From Detroit he sent me a postcard of the Ford plant. Only my address appeared on the back.

The ceremony of burying the dead is ended with tears, wailing, howling, and macerations. They tear the hair, gash the skin.

“Greetings from the Land of Lincoln,” the front of the postcard reads in bright red letters, the famed log cabin in one corner, a dark silhouette in the other. “Dow Chemical,” my brother scrawls. “Much evidence that Dow knew as early as the mid sixties that exposure to dioxin (Agent Orange) might cause serious illness, even death, but withheld this knowledge and continued to sell to the Army and public.”

I have read a hundred times the messages he has scribbled on the backs of these cards. I have looked into the eyes of the fisherman for help, stared at the lobsters he holds to the sky like children. I have read and reread my brother’s long litany of betrayal and pain: DLS, asbestos, Agent Orange; Lilly, Johns-Manville, Dow Chemical. They lie like scars on my tongue. Then silence — nothing more — a horrible stillness.

There in the distance another Fletcher rises out of murky water. He crawls onto the shore clutching a bayonet. He claws his way into the thick bush where he lies shivering. It could be anywhere: Argentina or Chile, Vietnam or Cambodia. He sits up. It’s Fletcher all right. He is hunched over and counting something. Sweat collects on his forehead. He wipes it away with a filthy sleeve. Wasps gather around his head. He tries to bat them away, but they keep coming and coming like helicopters in the endless night. Waves of nausea overcome him. His boots are golden with vomit.

My brother looks so different forced into the brutal postures of war. I barely recognize him at all. He is covered with sores. His legs seem longer, larger somehow. “Best for running, Vanessa,” he whispers through the wide leaves. He tears a handful of leaves from a tree to wipe his mouth and brow. Patches of brow n and gray and green have grown on his arms. His skin looks tough like a lizard’s or snake’s. A second skull has grown around his head, hard as a helmet. His insect eyes bulge red.

He has become the kind of person who wants only to survive, only to stay alive. “Nothing else matters, Vanessa,” he shouts through the thick foliage. A monkey screams. More planes come. A tarantula is stunned motionless on a banana leaf. The air is filled with snakes. He begins to shake uncontrollably. He does not know where he is.

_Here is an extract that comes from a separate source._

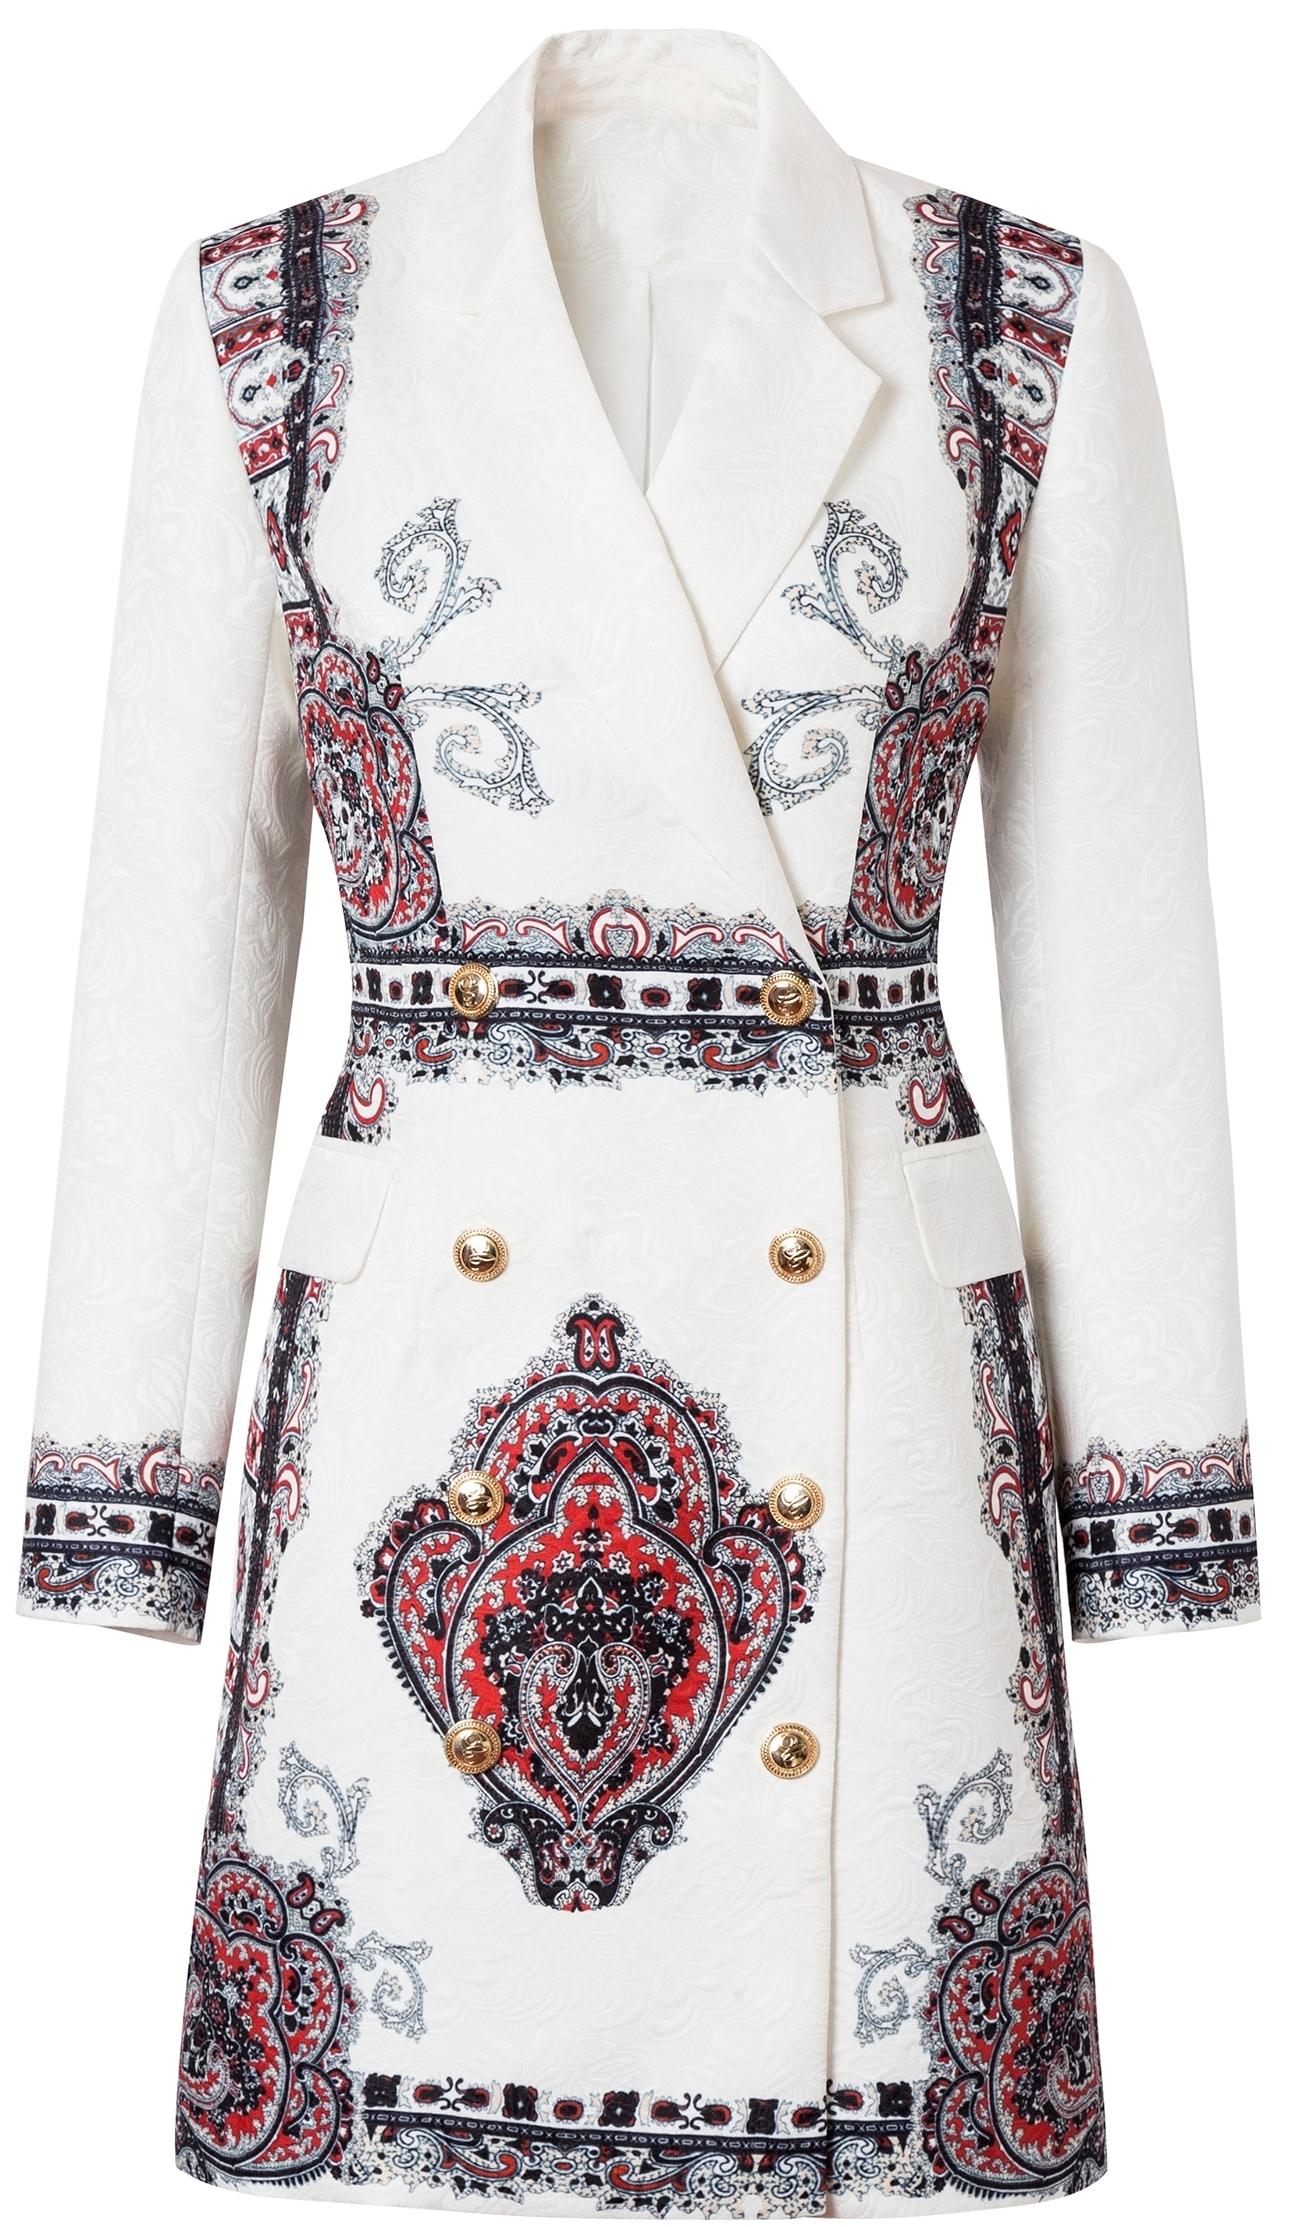 COMINO COUTURE WHITE BLAZER DRESS
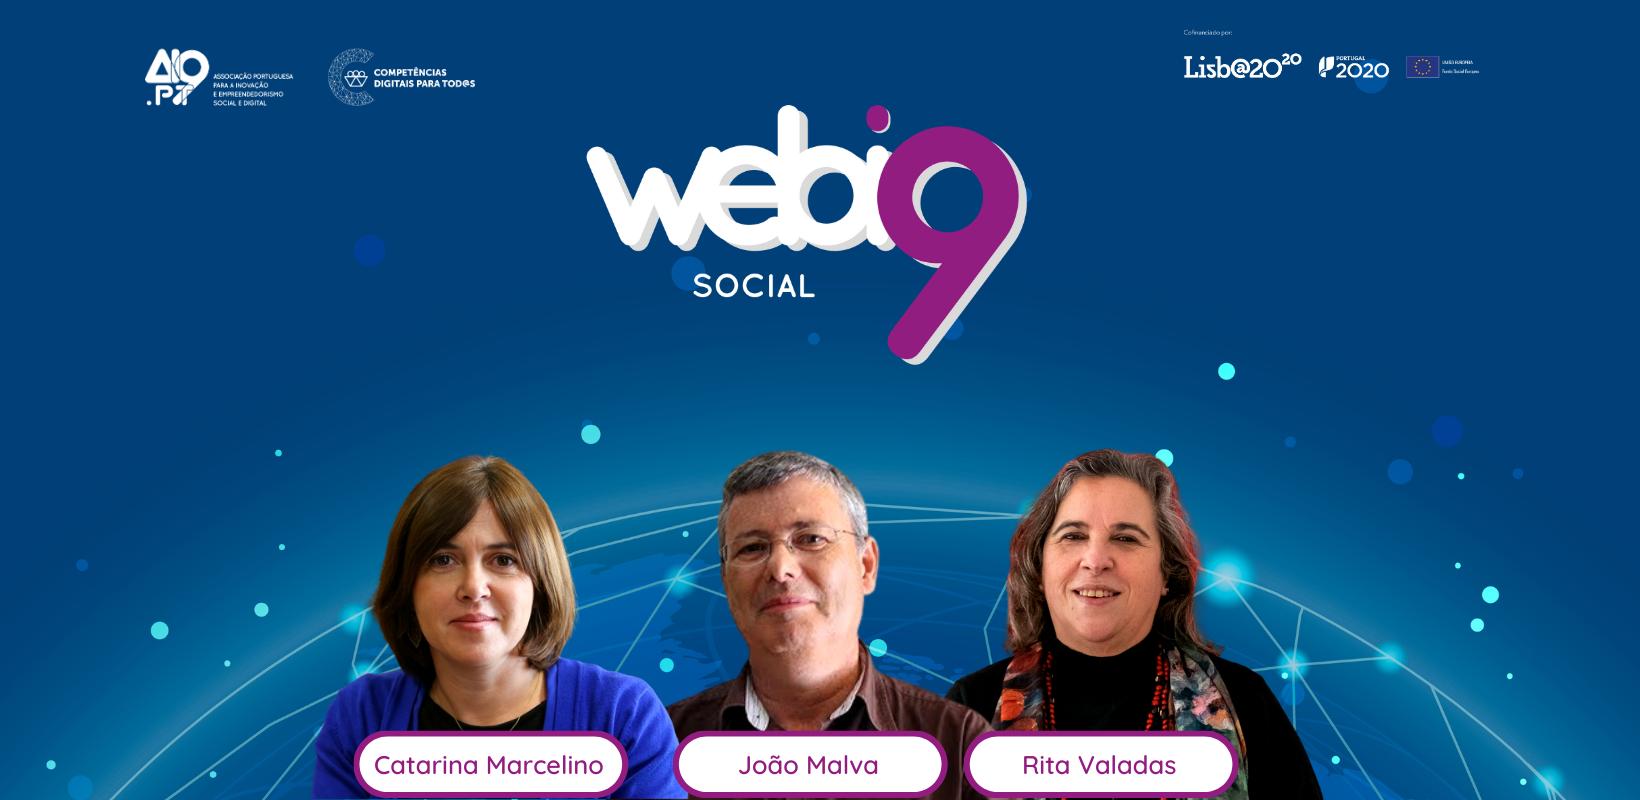 Webi9 Social

Trees burst into flames as he watches them. He hears drums, he thinks, in the distance, but perhaps it is his own heart he hears. He closes his eyes. His lids are thick. He covers his face. “You could not do it without the drugs,” he says. “No one could.” He thinks someone injects the high white clouds with poison. He tries breathing into his hands to keep out the fumes. The clouds mushroom and explode, red and black, igniting the sky. “The sky is burning, Vanessa,” he says. He laughs hysterically. His shoulders move up and down frantically as if he were shrugging over and over in fast motion. He is drenched in sweat. He turns suddenly. The brow n rice in barrels looks dangerous to him. The sandal of a child makes him weep with fear. Urine flows down his pants leg. “Vanessa,” he says, “help me. The sky is burning.”